A freshman Republican House member from Wentzville is hoping a bill she’s sponsoring gets traction from the Missouri Legislature. The measure would ask the U.S. Government for compensation for the St. Louis region’s role in the Manhattan Project, which ushered in the development of atomic weaponry.

Rep. Tricia Byrnes, R-Wentzville, tells Missourinet that the radioactivity has led to increased cancer cases and diseases resulting from exposure that she says match the diseases documented by the Centers for Disease Control and Prevention.

“This is atomic bomb weapons facilities, you know these production type facilities, that were in the community before cleanup and the fact that nobody took accountability for any of the injuries across these locations throughout St. Louis and St. Charles,” Byrnes said.

House Concurrent Resolution 21 says Missourians in the St. Louis and St. Charles region have been made ill, due to the Manhattan Project, through the inhalation from smokestack emissions, exposure to radiation, and contact made with contaminated quarries, creeks, and groundwater. Further, it says that the U.S. Government produced 300,000 tons of uranium in the St. Louis region as part of the project to produce the atomic bomb from 1942 to 1966.

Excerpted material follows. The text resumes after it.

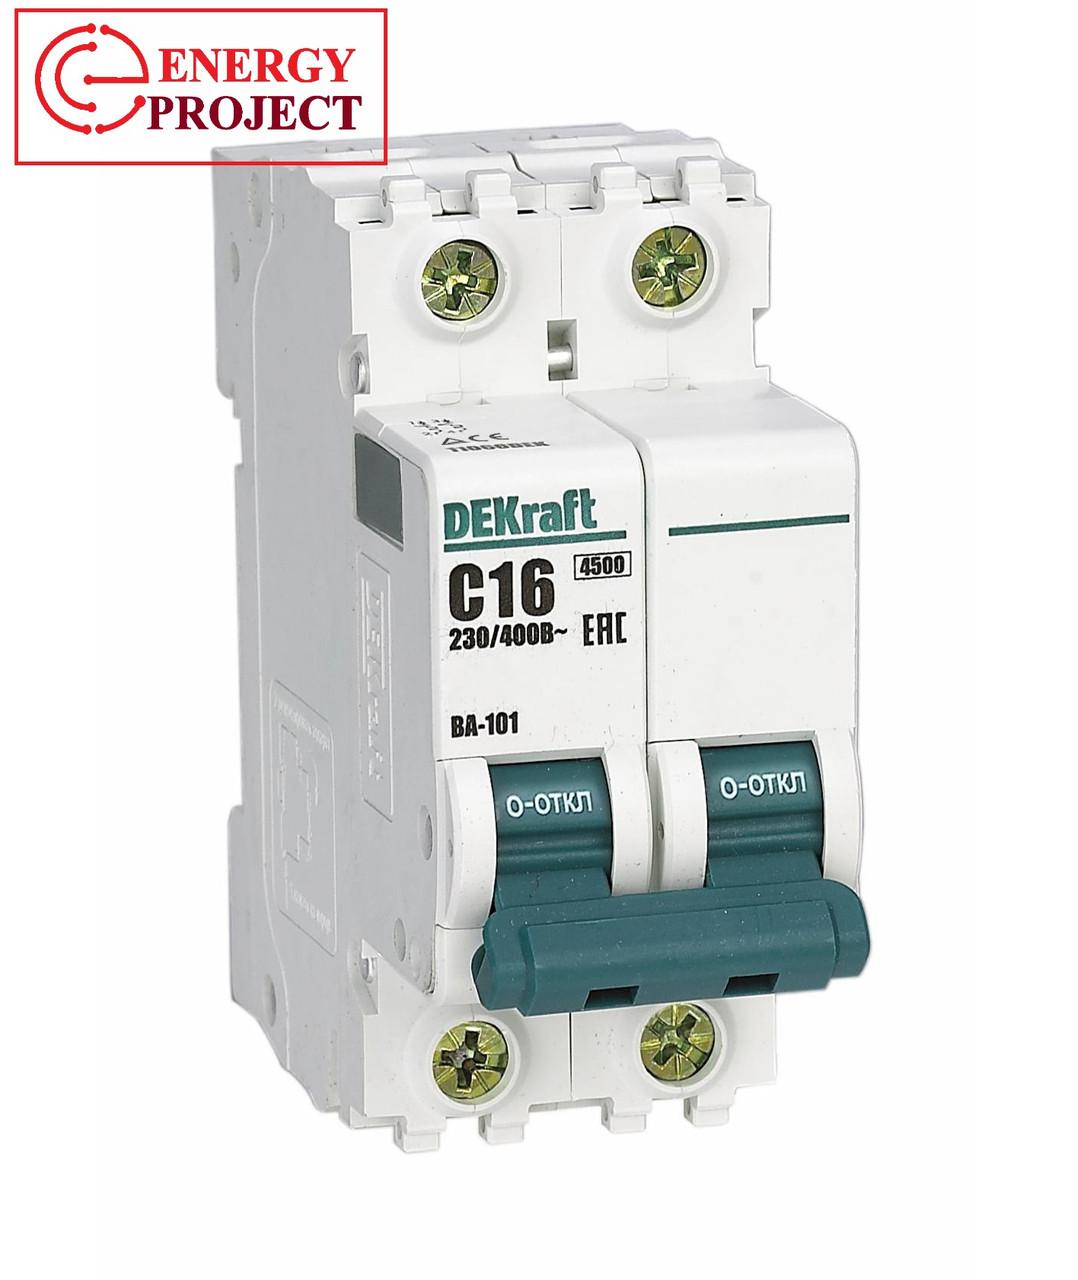 Автоматический выключатель ВА 101 2П 32А(72) Dekraft

“What people aren’t talking about is the atomic production plant,” Byrnes says. “The nuclear processing that took place 1,000 feet from an operating high school, and it takes people a second to realize that that high school did not build next to the uranium processing plant. The federal government built that next to an operating high school.”

Byrnes asks the Missouri Attorney General, and several state agencies, to conduct a joint investigation into whether the state of Missouri, and its residents, can be compensated by the federal government for the radioactive contaminants from the resulting project.